Being successful is a matter of integrity and good client service. You don’t have to be a rich financial advisor today whose quality of life is perfect in order to acquire and serve financially successful clients. However, if you’re not on the path of financial success and living a great life, you’re a fraud. People who give other people advice about their money and goals should also be financially successful people who achieve their goals. Make sense to you? If not, read no further.

Client Service Work Habits
1. Successful advisors spend their time with clients who are profitable.
Unsuccessful advisors work with too many people who are not profitable and probably don’t even know how much revenue a client must generate in order to be profitable in the first place. They say, “I know we’re losing money on each of these clients. We’ll make it up with volume.”

2. Successful advisors are either truly comprehensive or, at the very least, do much more than most financial advisors. It’s interesting how many financial advisors do exactly the same thing as pretty much the rest of the financial advisor world but claim to be “different.” The most successful financial advisors have a value proposition that is driven by their knowledge of what is best for the client, rather than by what the client is willing to buy.

Unsuccessful advisors will pretty much sell anything to anybody anytime. Whatever the client is willing to buy is what they are going to sell. They are not really “advisors” at all. They are salespeople.

3. Successful advisors serve a finite number of clients who pay them a predictable amount of recurring revenue. They are not only clear about how much money each client must generate, they also know how much time to budget per client in order to serve the client and be profitable.

Unsuccessful advisors have little clue how much time to budget to serve a client. They tend to rationalize this with silly statements like, “Every client is different, so it’s impossible to know how much time it’s going to take to serve them.”

4. Successful advisors are orchestrating a systematic process for delivering the promised value for each client.
Unsuccessful advisors struggle to do the best they can with what they’ve got on an ad hoc basis.

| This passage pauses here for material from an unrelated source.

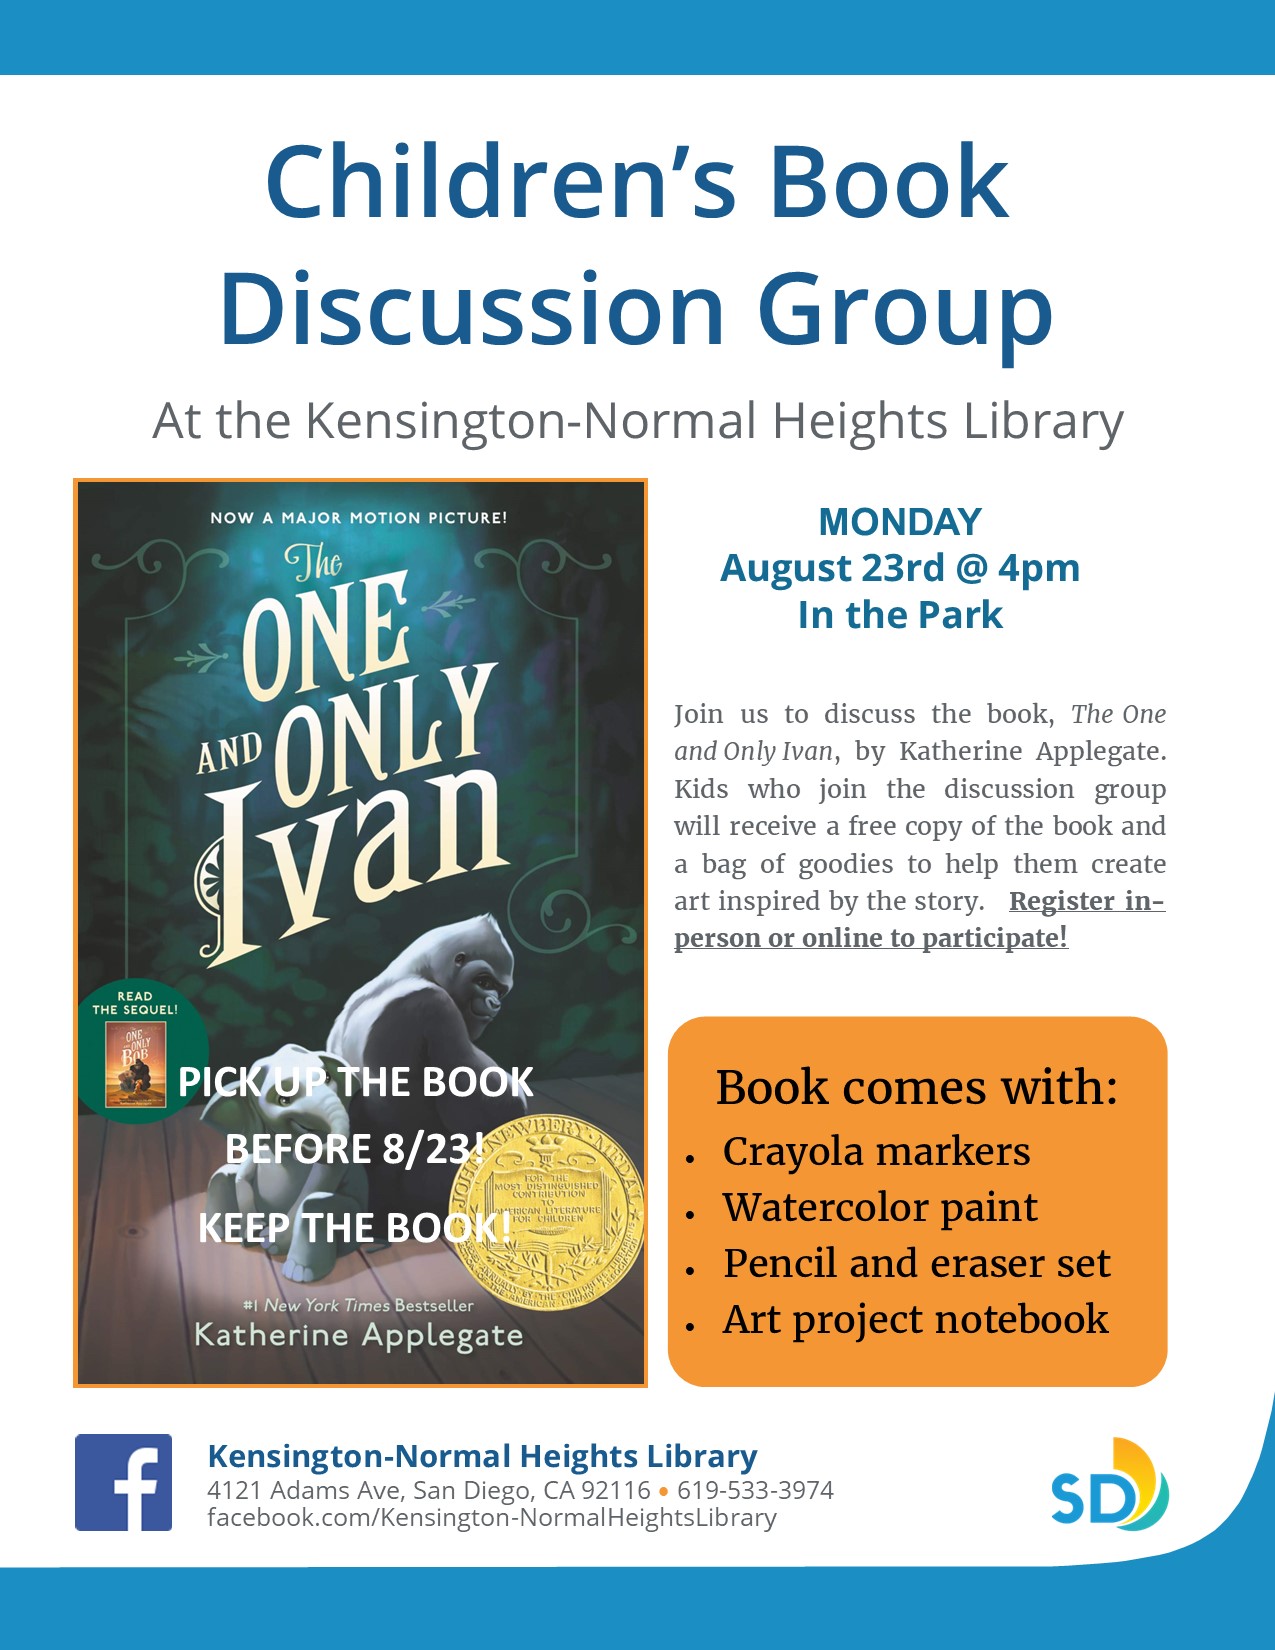 Children's Book Discussion Group in the Park

5. Successful advisors are excellent at helping clients manage their emotions about external events. Regardless of what’s happening in the markets, the economy, politics or world events, the successful advisor is able to keep her clients focused on what they can control and stick to the plan. There is no time or energy wasted writing market or economic updates or reacting to the ever-present uncontrollable events.

Unsuccessful advisors are whipped around by the clients’ emotional responses to the negative news about the market or the economy or politics or world events. They churn out long written explanations about the fiscal cliff or the debt ceiling or what happens depending on this or that political event/election or what happens if one European nation or another defaults on its debt. And many of their discussions with their clients center on these events over which there is no control. The downside, of course, is that these activities are an enormous waste of time. This is time that could have been invested in acquiring another ideal client or enjoying life or making a difference.

Client Acquisition Work Habits
1. Successful advisors build their business by referrals and introductions.

Unsuccessful advisors typically deploy multiple time-consuming and expensive marketing tactics, usually mastering none of them and ultimately investing large sums of money that produce very small results. Or they never do much of anything to acquire clients because they can never afford to.

2. Successful advisors are very good on the phone and use some of their client acquisition time to connect with people they have been referred to by calling them. Because they have excellent people skills and are eager to engage people face-to-face. While some people tend to be more “outgoing” than others, successful advisors have consciously developed their people skills.

Unsuccessful advisors seem to be afraid of people and tend to do just about anything other than talk to another human being. They are often “wrapped around the axle” trying to get people to call them by building the perfect Web site or deploying the fantasy social media plan.

3. Successful advisors ask really good questions, are excellent listeners, truly empathize with people and, when it’s their turn to talk, are very effective at articulating how their process will help the prospective client achieve meaningful results in their life.

Unsuccessful advisors tend to talk about the features of their products, the markets, investment performance, why their company is great, etc.

Leadership Work Habits
1. Successful advisors recognize that everything they do is about leadership, especially their client service work. They lead their clients by understanding exactly where the client wants to be (also, when and why), and then they lead the client with great advice and accountability to get there.
Unsuccessful advisors tend to be subservient to their client and have an upside-down accountability relationship where the client is holding them accountable instead of the other way around.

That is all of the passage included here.